CAN treatment is a complex process, that includes: Lifestyle modification; reducing IR; intensive glycemic control; treatment of DLP, antioxidants, vitamins, correction of vascular endothelial dysfunction, prevention and treatment of thrombosis and OH. The new possible perspective areas of CAN treatment are administration of thromboxane A2 blockers and prostacyclin analogues, PDE5 inhibitors, ALA, ω-3 PUFAs, DGLA and the combined prescription of ALA, DGLA and ω-3 PUFAs.
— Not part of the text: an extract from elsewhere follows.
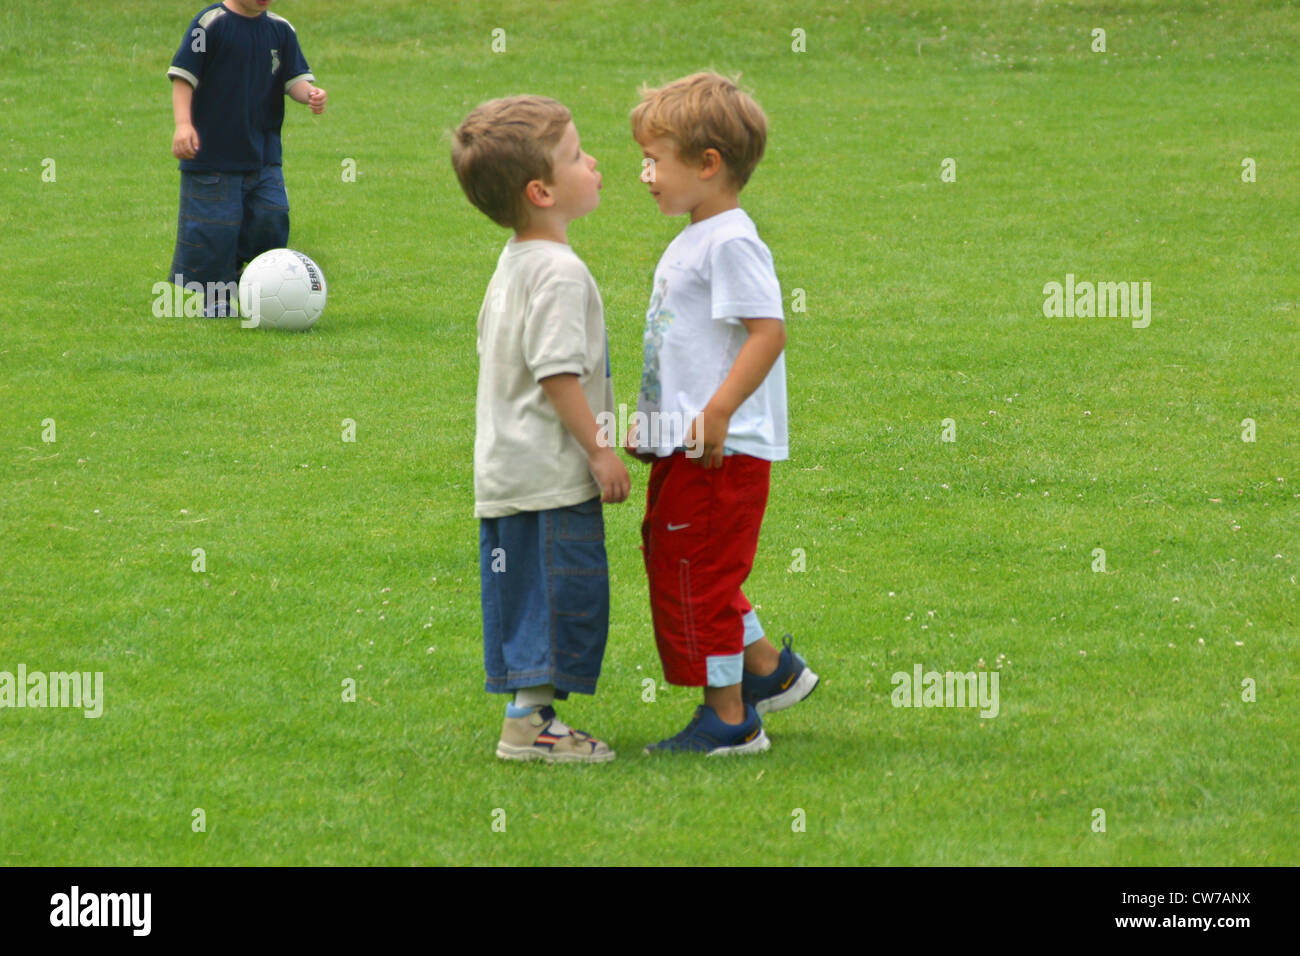 two little boys on a football ground Stock Photo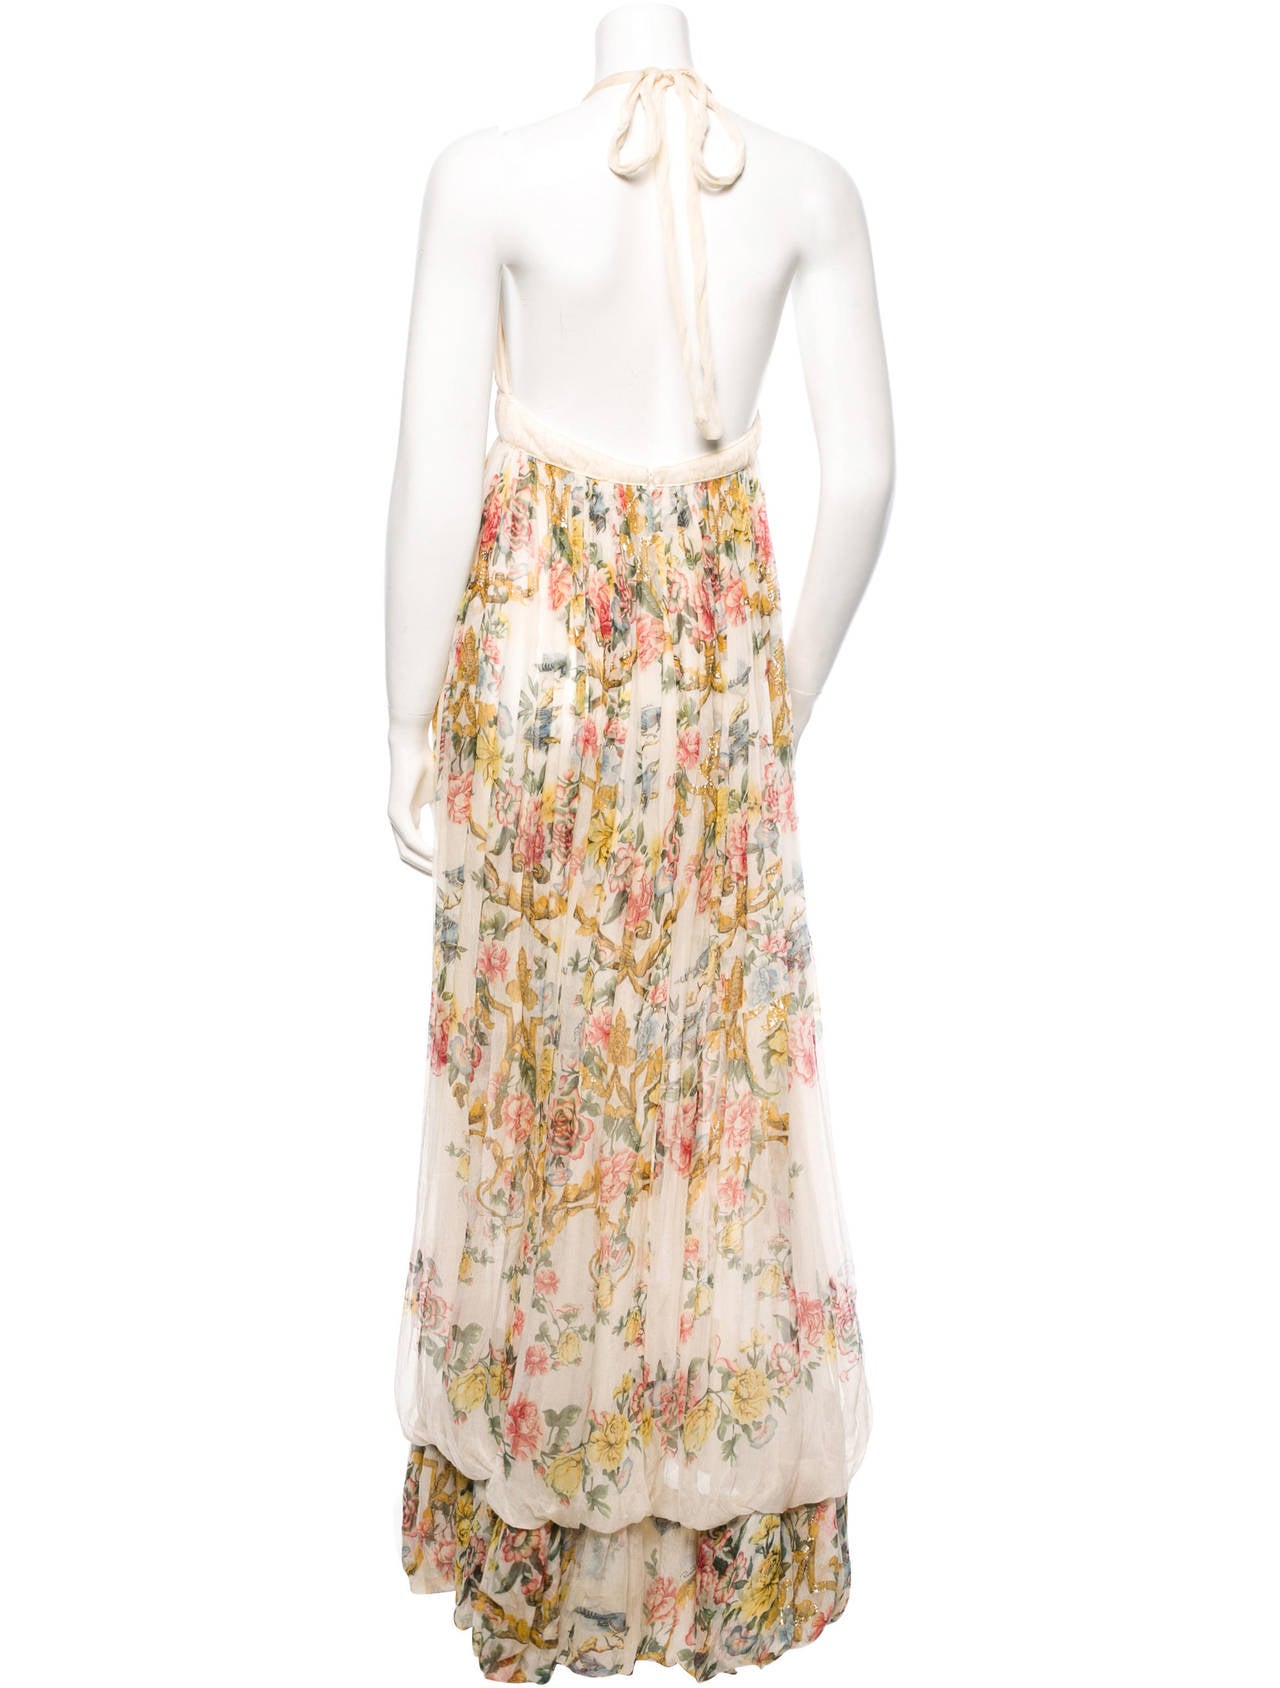 Stunning Roberto Cavalli Silk Gown In Good Condition For Sale In Bethesda, MD

In addition the combined administration of ALA, ω-3 PUFAs and benfotiamine promotes reduction of chronic inflammation markers and increase of HRV parameters, that might be useful in preventing the development and progression of CAN. Development of OH is associated with severe or advanced CAN and prescription of nonpharmacological and pharmacological, in the foreground midodrine and fludrocortisone acetate, treatment methods are necessary.

Table 6

Diagnostic algorithm for diabetic cardiac autonomic neuropathy[3,39]

	Symptoms	Signs/diagnostic tests	Differential workup
Resting tachycardia	Palpitations could be asymptomatic	Clinical exam: Resting heart rate > 100 bpm	Anemia hyperthyroidism fever
			CVD (atrial fibrillation,
			flutter, other)
			Dehydration
			Adrenal insufficiency
			Some medications
			Smoking, alcohol, caffeine
			Recreational drugs (cocaine, amphetamines, methamphetamine, mephedrone)
Orthostatic hypotension	Light-headedness	Clinical exam: A reduction of > 20 mmHg in the systolic blood pressure or > 10 mmHg in diastolic blood pressure	Adrenal insufficiency
	Weakness		Intravascular volume depletion
	Faintness		Blood loss/acute anemia
	Visual impairment		Dehydration
	Syncope		Pregnancy/postpartum
			CVD
			Alcohol
			Medication
			Antiadrenergics
			Antianginals
			Antiarrhythmics
			Anticholinergics
			Diuretics
			ACE inhibitors/angiotensin receptor blocker
			Narcotics
			Neuroleptics
			Sedatives

CAD: Coronary artery disease; CVD: Cardiovascular disease.